__Work to complete__
Reproduce only this stretch of the listing below: from the line with "sampler appetizer platter" through the line with "Fidel ¡vive!", exactly as written, with pictures excluded.

__Exercise material__

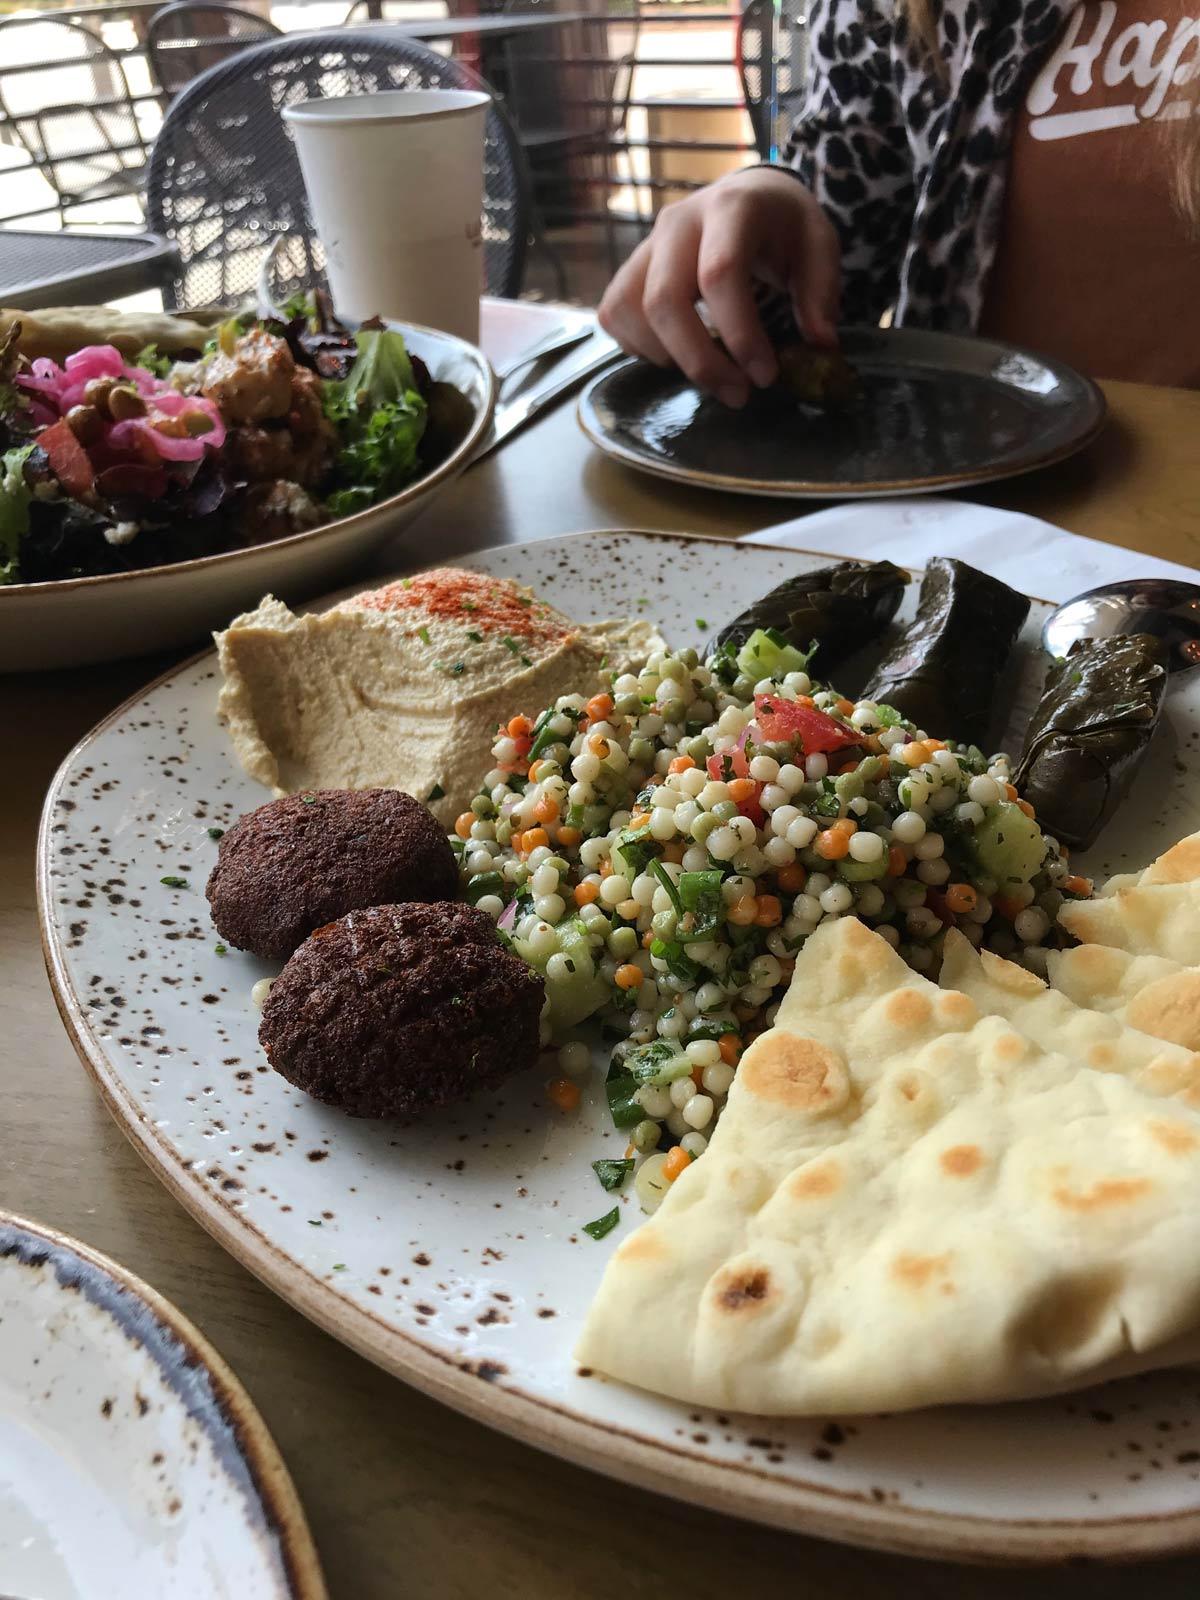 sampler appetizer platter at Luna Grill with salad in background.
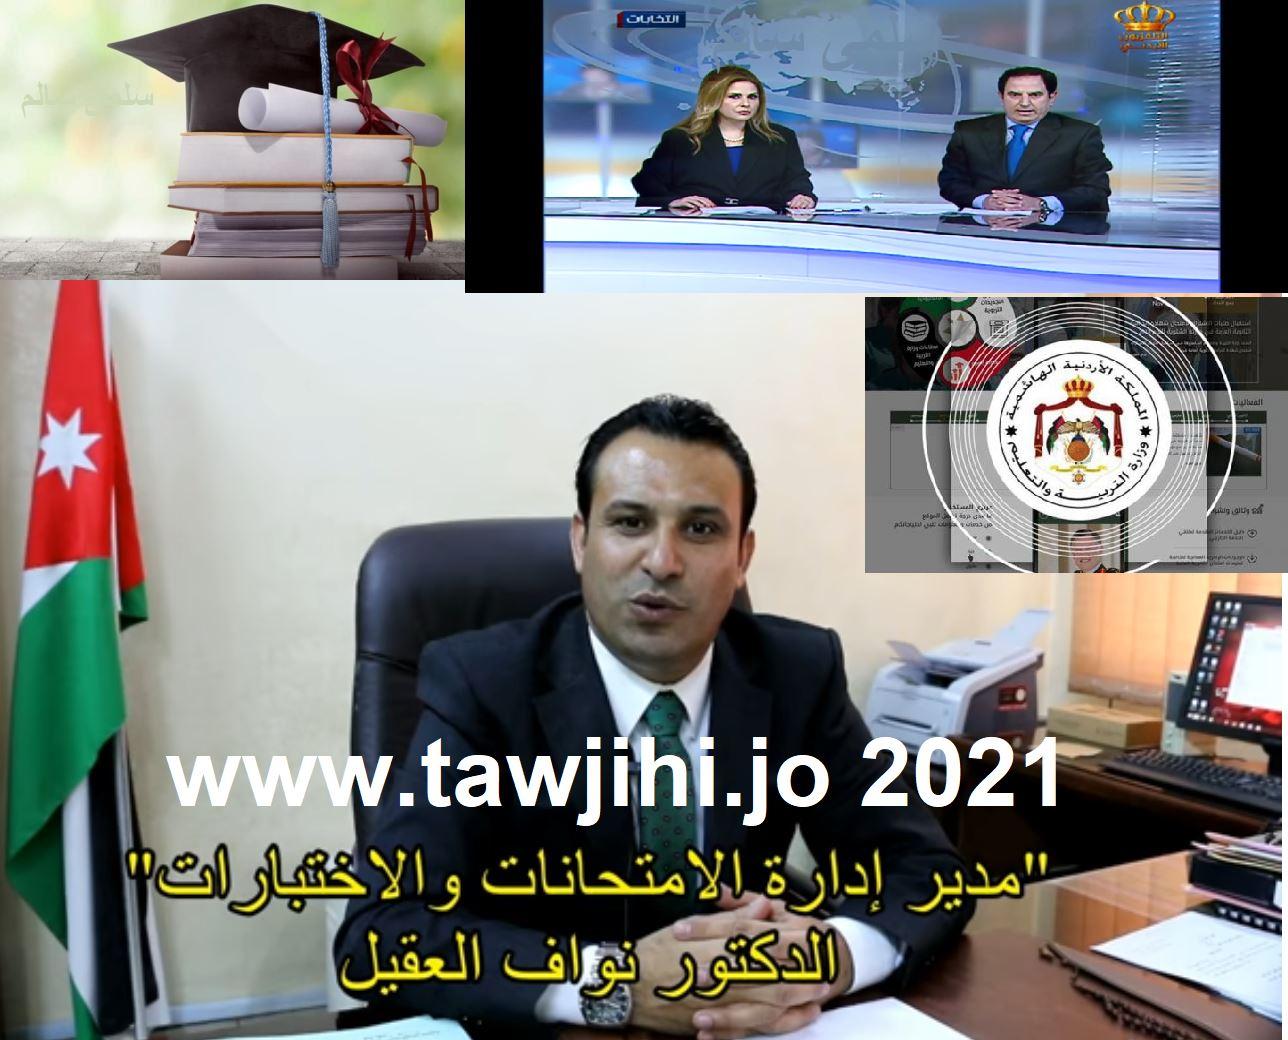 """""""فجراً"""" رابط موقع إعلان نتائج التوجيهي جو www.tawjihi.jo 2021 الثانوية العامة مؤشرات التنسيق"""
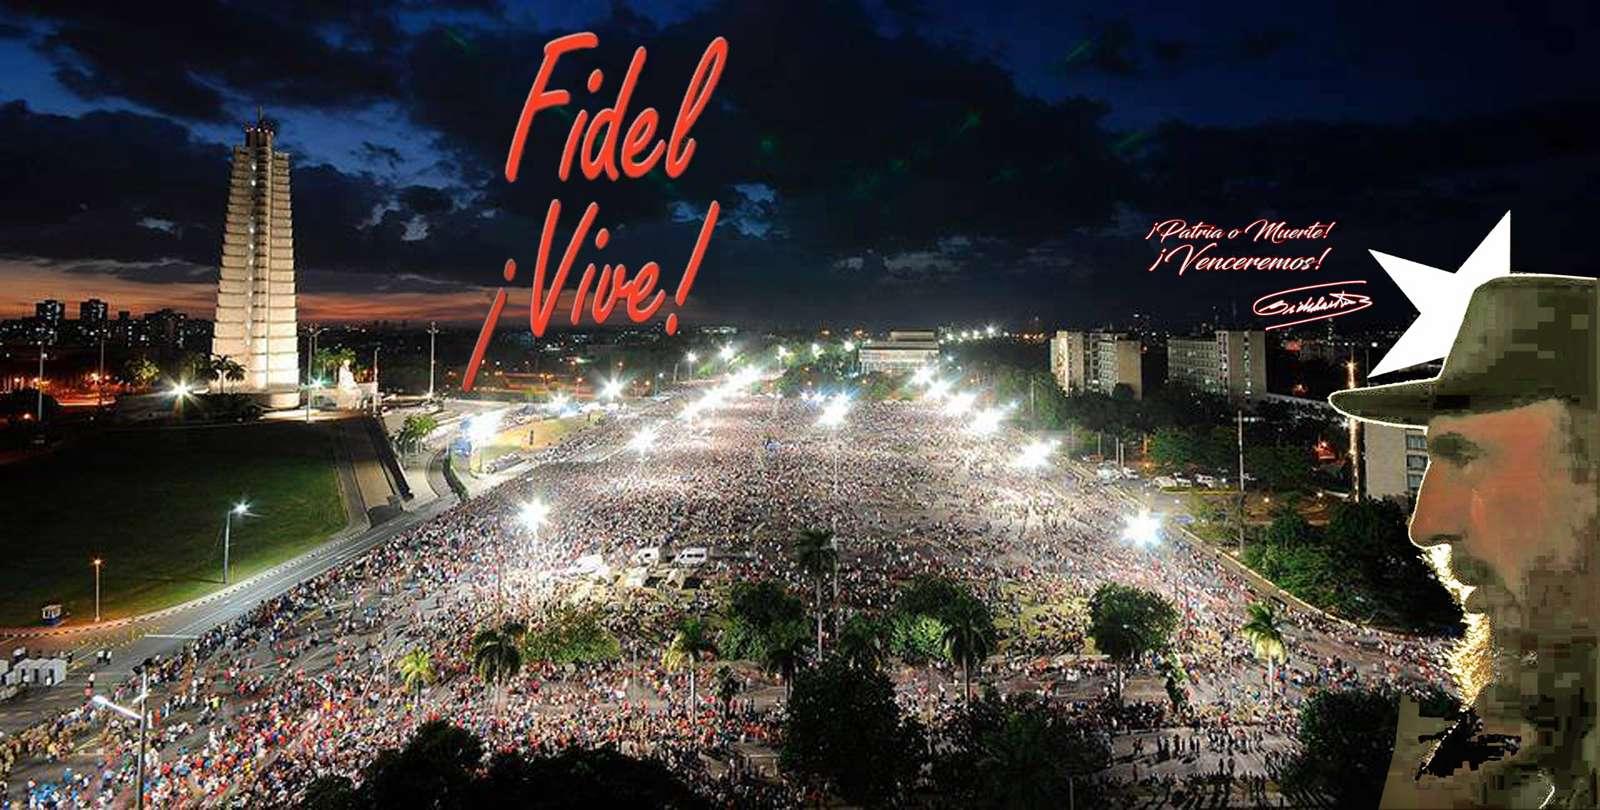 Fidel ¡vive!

--

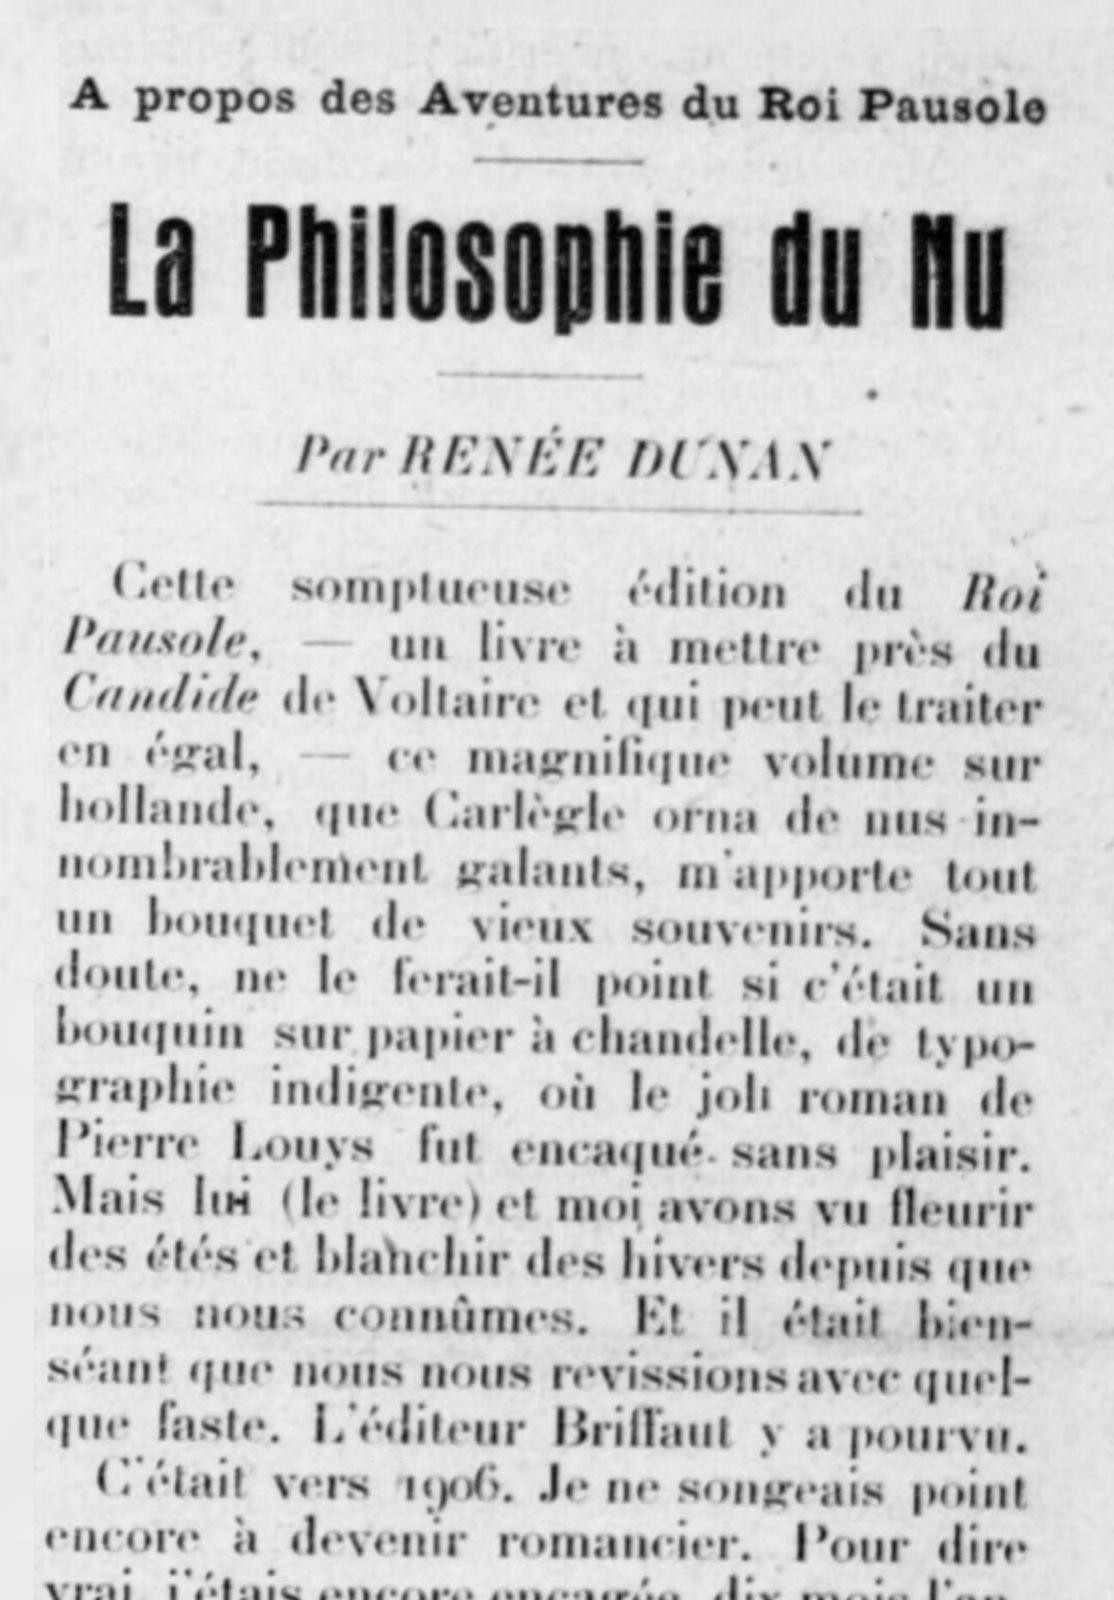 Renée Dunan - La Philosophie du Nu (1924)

__Response__
 sampler appetizer platter at Luna Grill with salad in background.
 """""""فجراً"""" رابط موقع إعلان نتائج التوجيهي جو www.tawjihi.jo 2021 الثانوية العامة مؤشرات التنسيق"""
 Fidel ¡vive!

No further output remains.